Which lines run from the one containing "Как нарисовать Nathan" to the end of the material below? Copy them exactly, pictures excluded.

- **Collected data**
'''

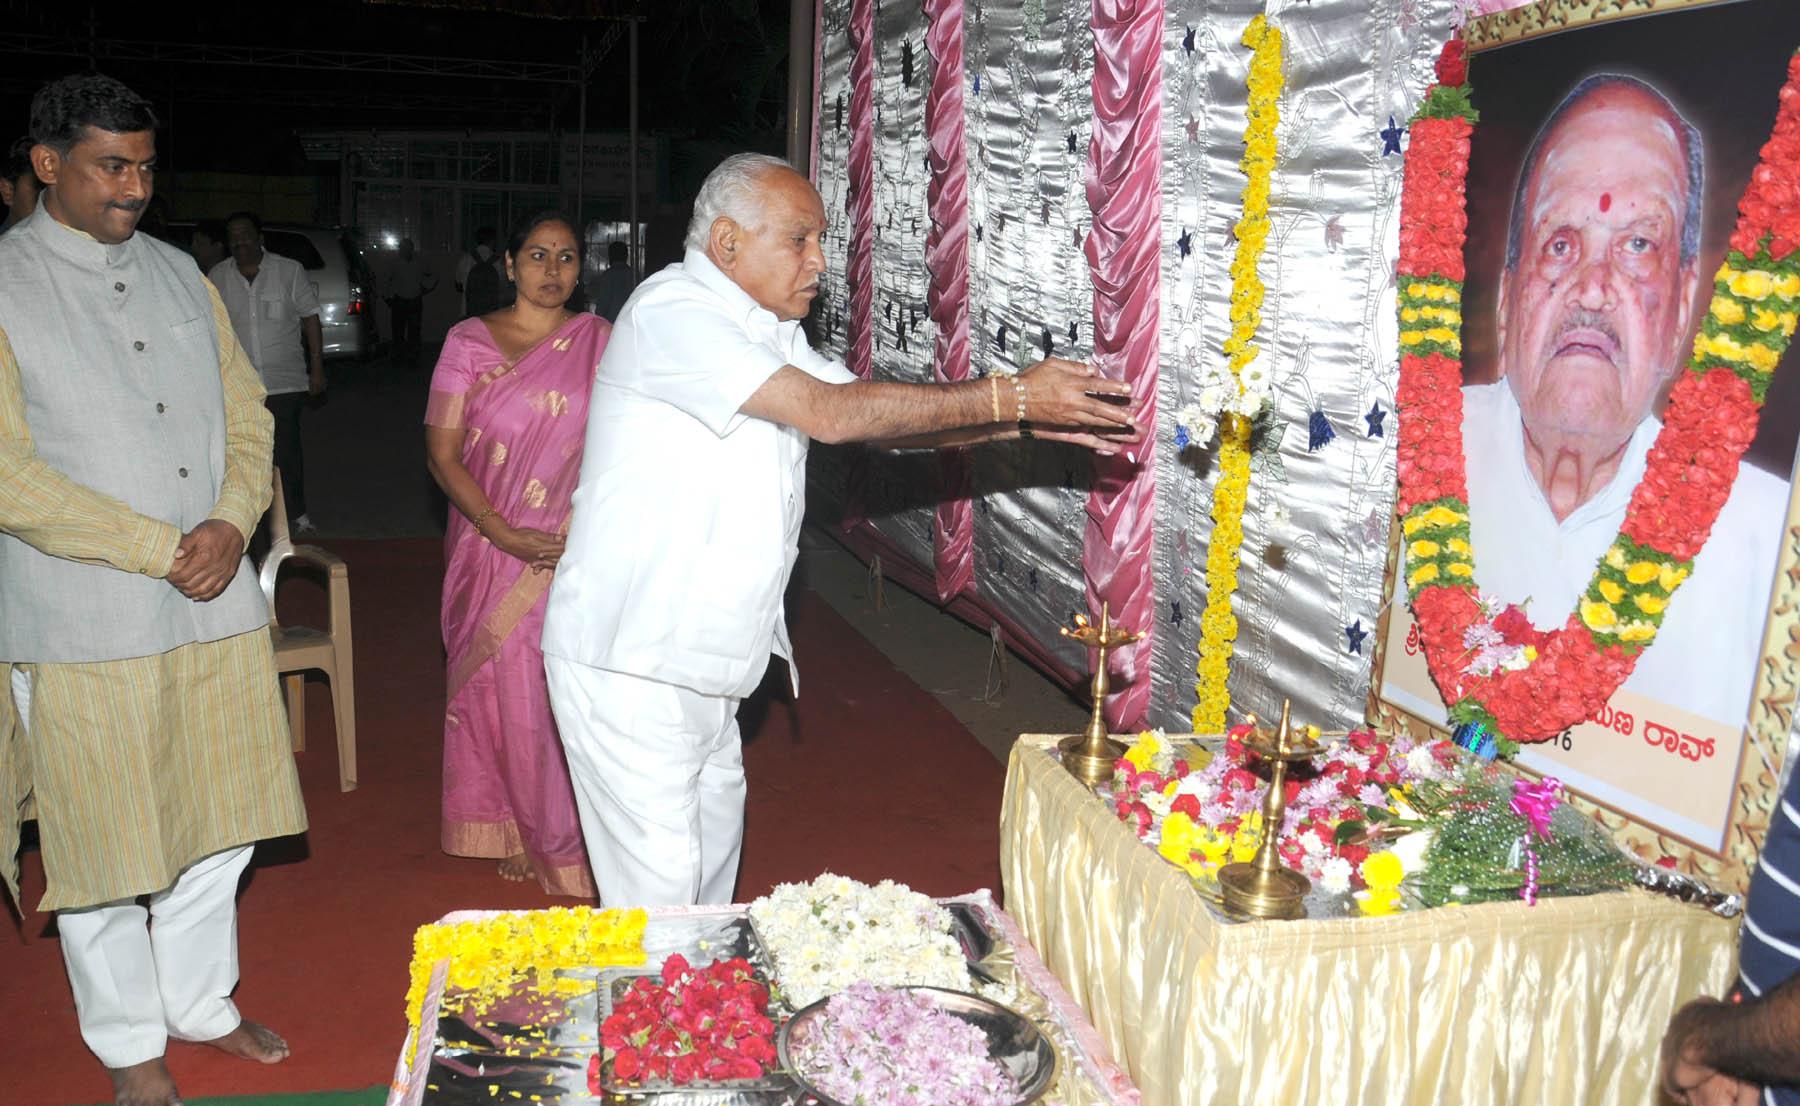 k-suryanarayan-rao-shraddhanjali-nov-26-2016-1
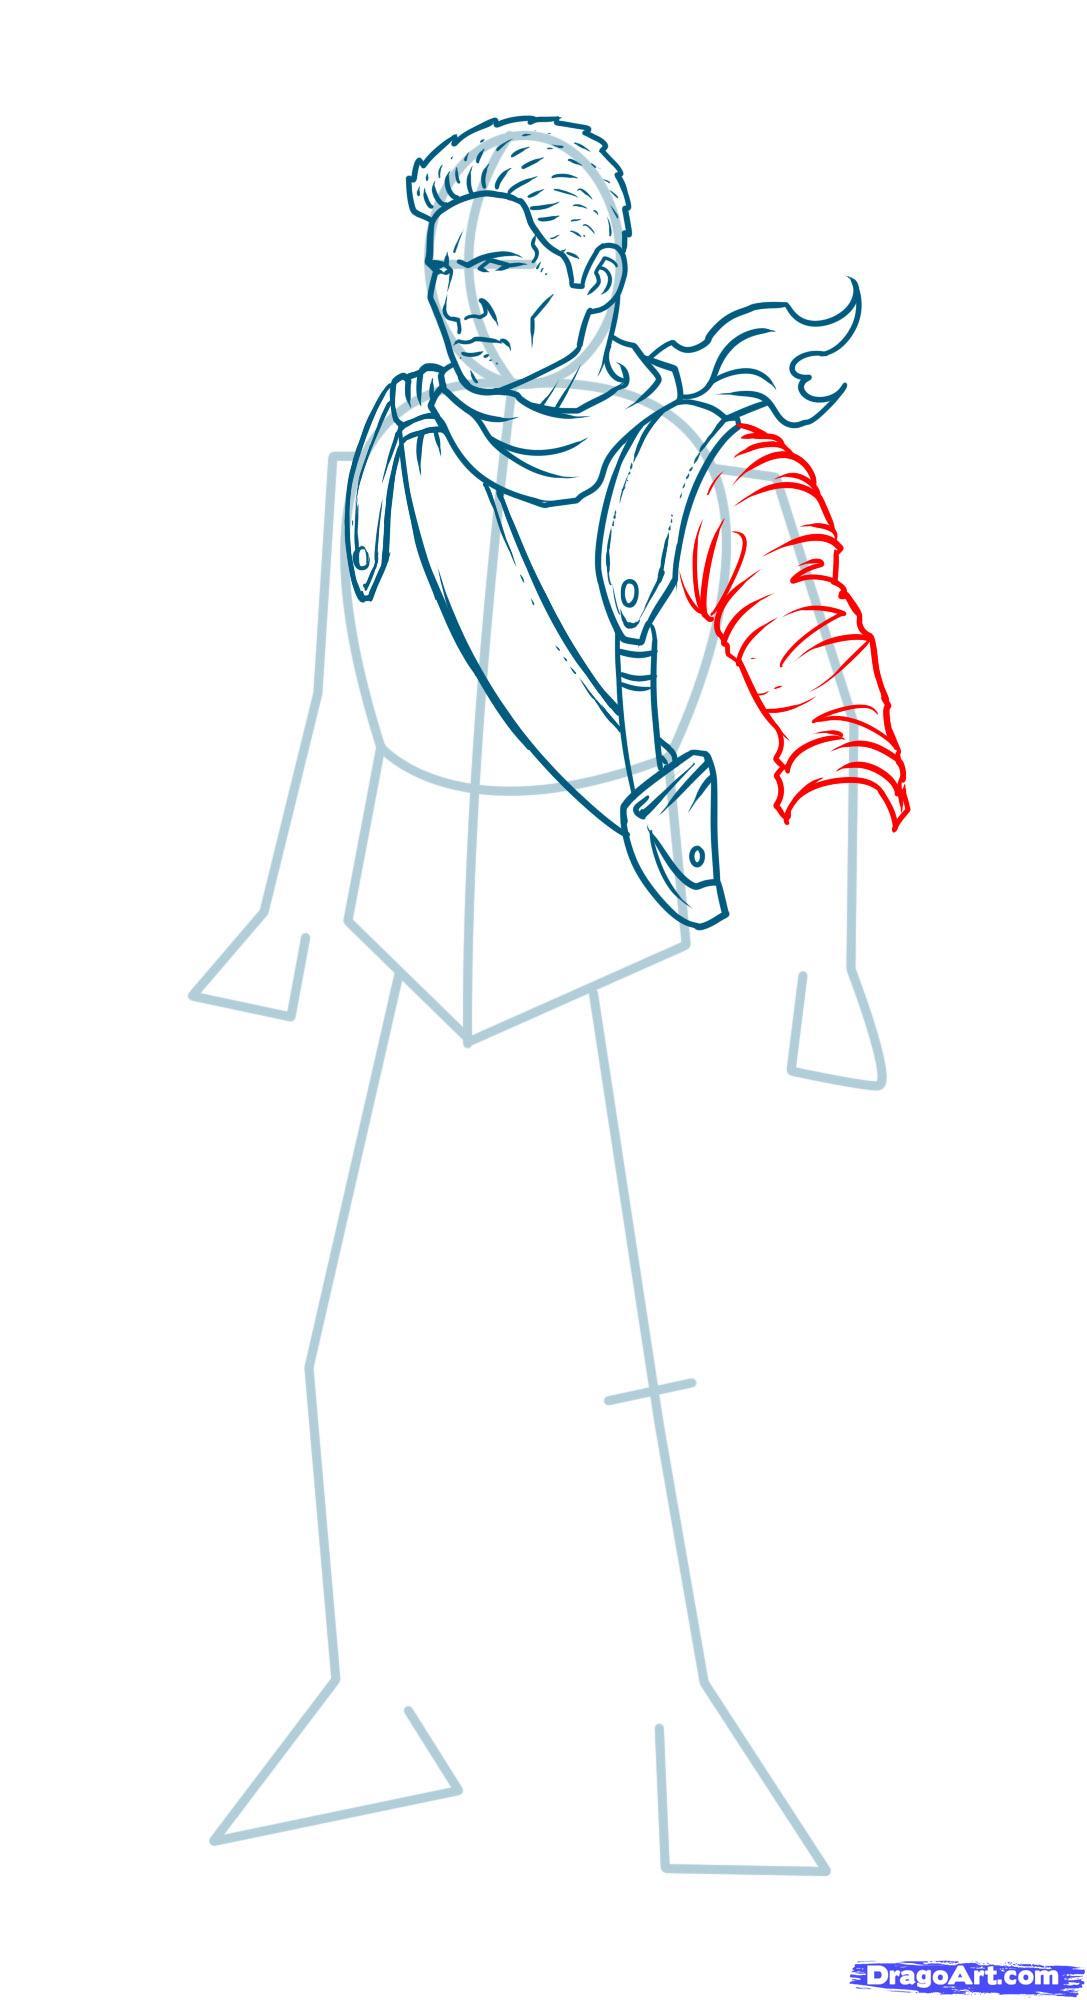 Как нарисовать Nathan Drake из Uncharted карандашом поэтапно
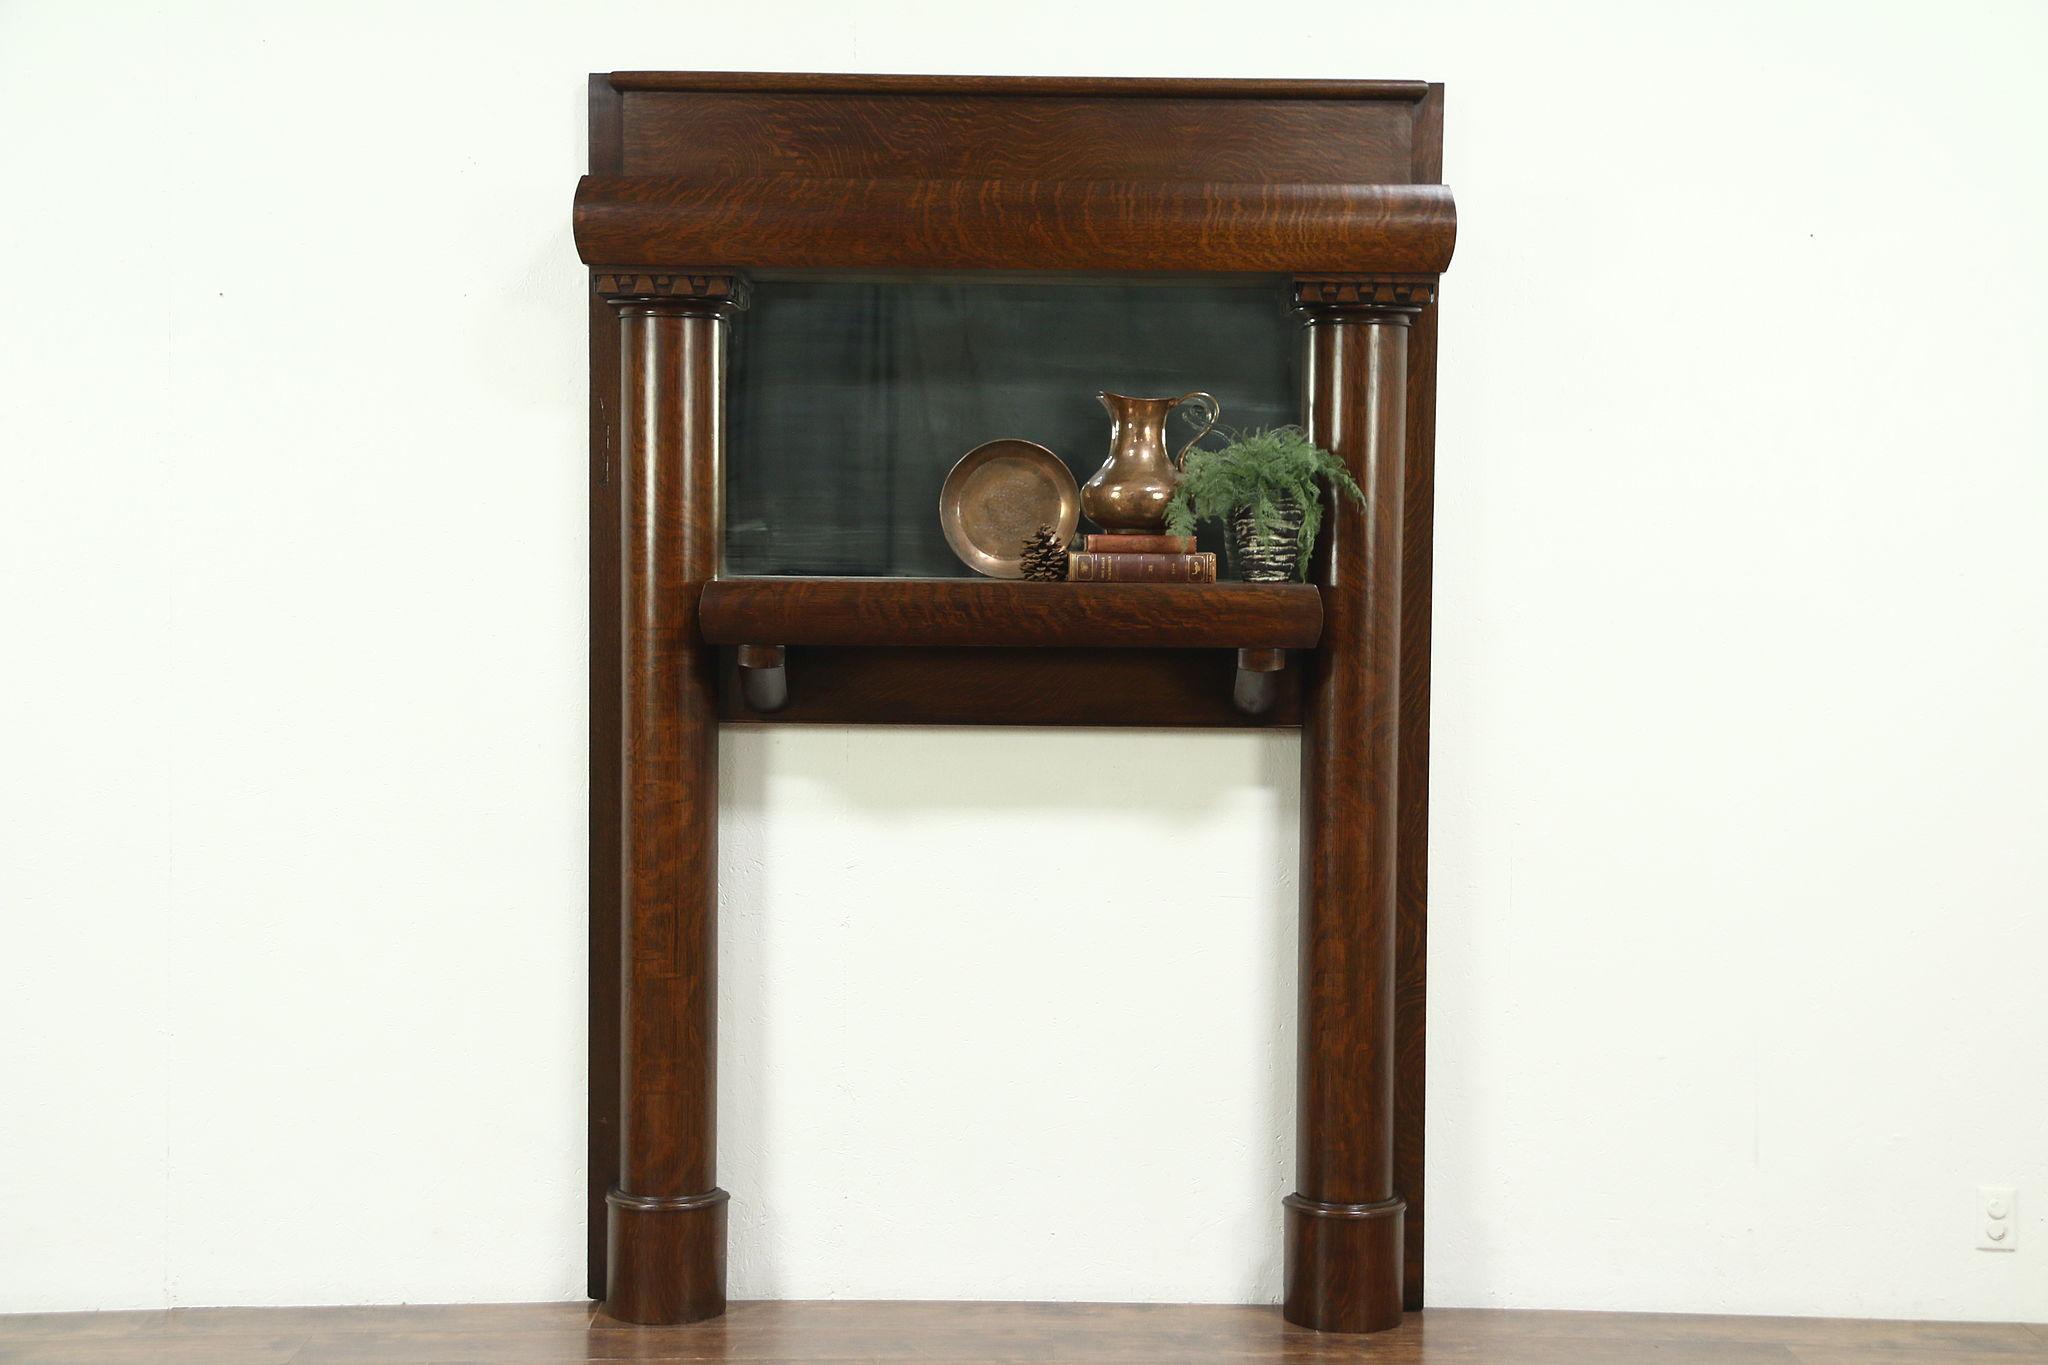 Oak Antique Architectural Salvage Fireplace Mantel Signed Titanic
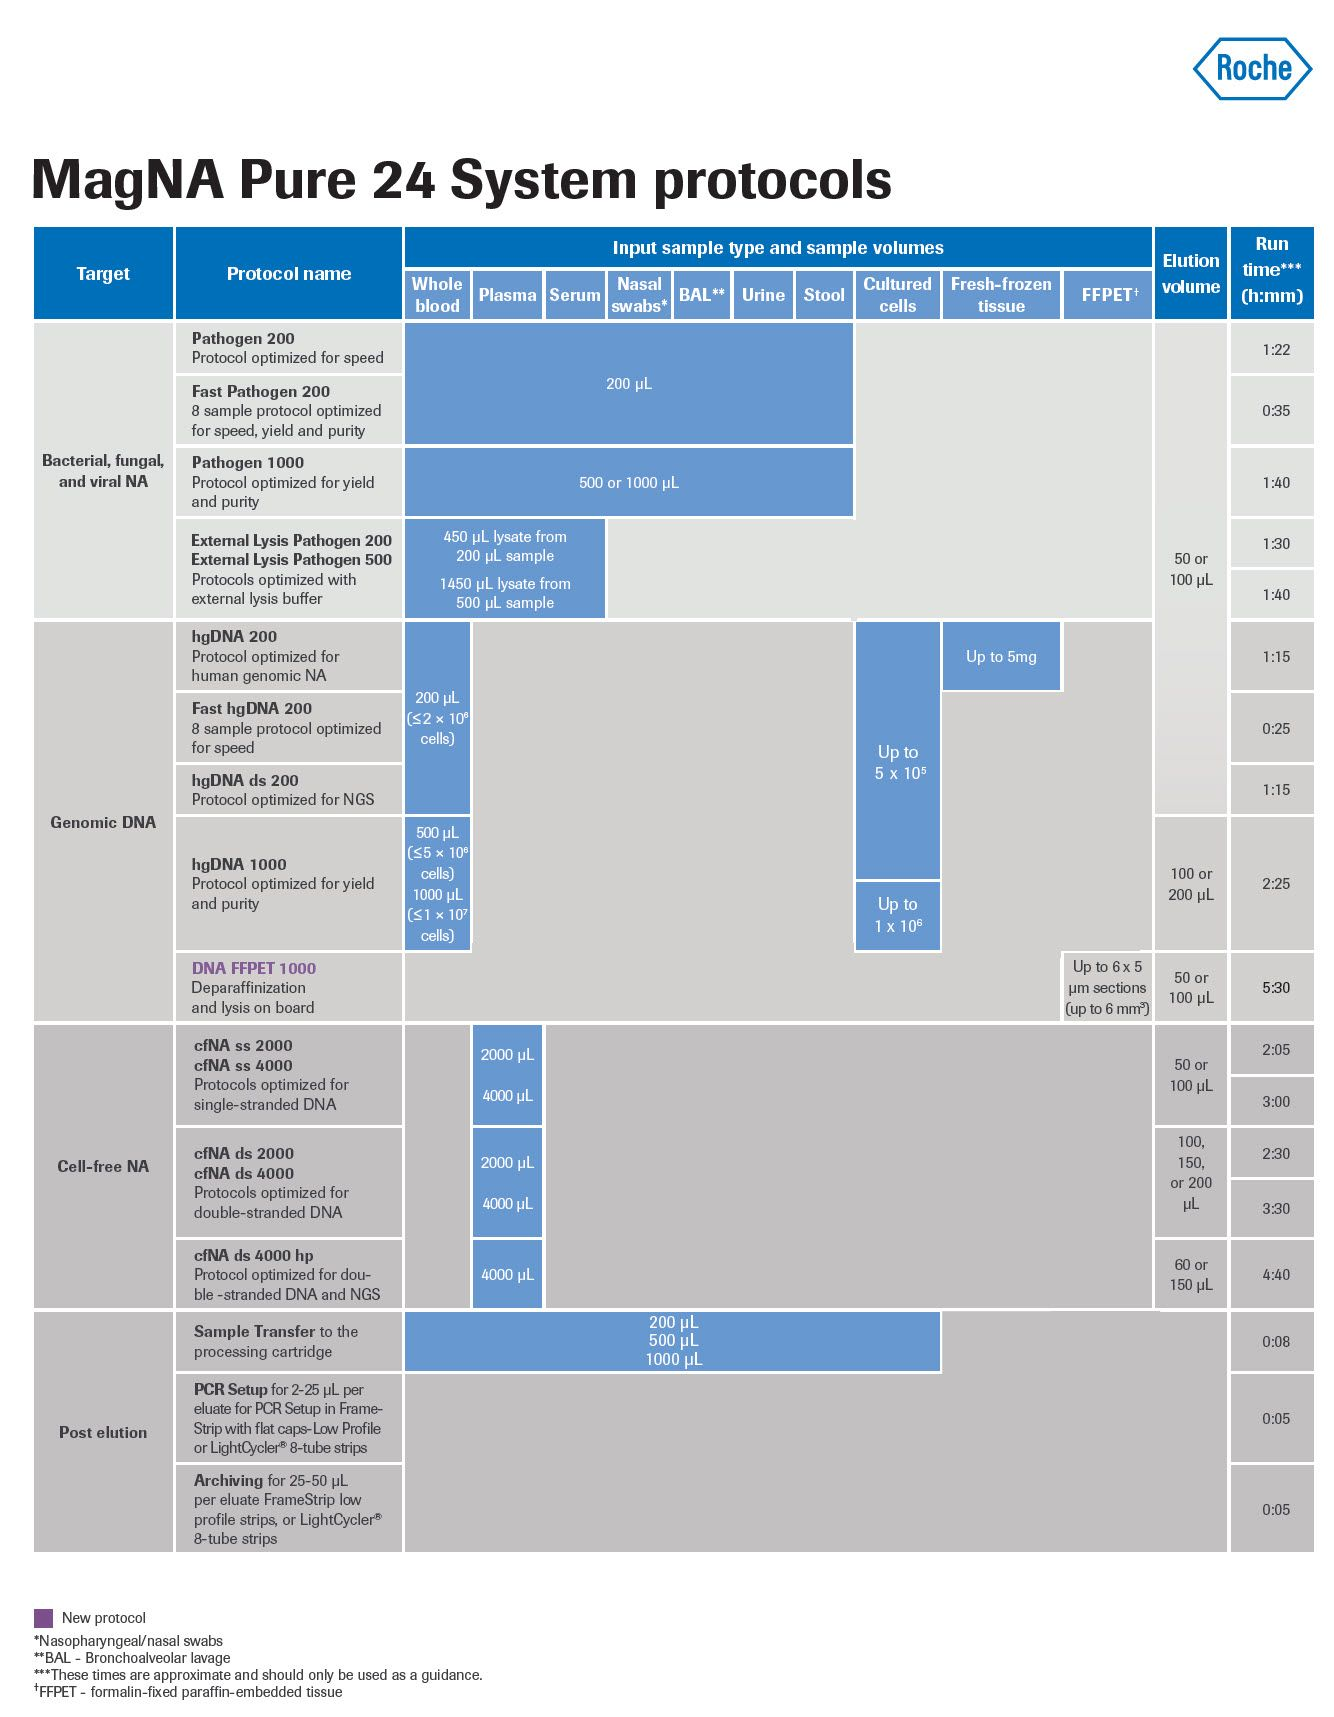 MagNa Pure 24 Chart

'''

- **Exercise answer**
 Как нарисовать Nathan Drake из Uncharted карандашом поэтапно
 Oak Antique Architectural Salvage Fireplace Mantel Signed Titanic
 MagNa Pure 24 Chart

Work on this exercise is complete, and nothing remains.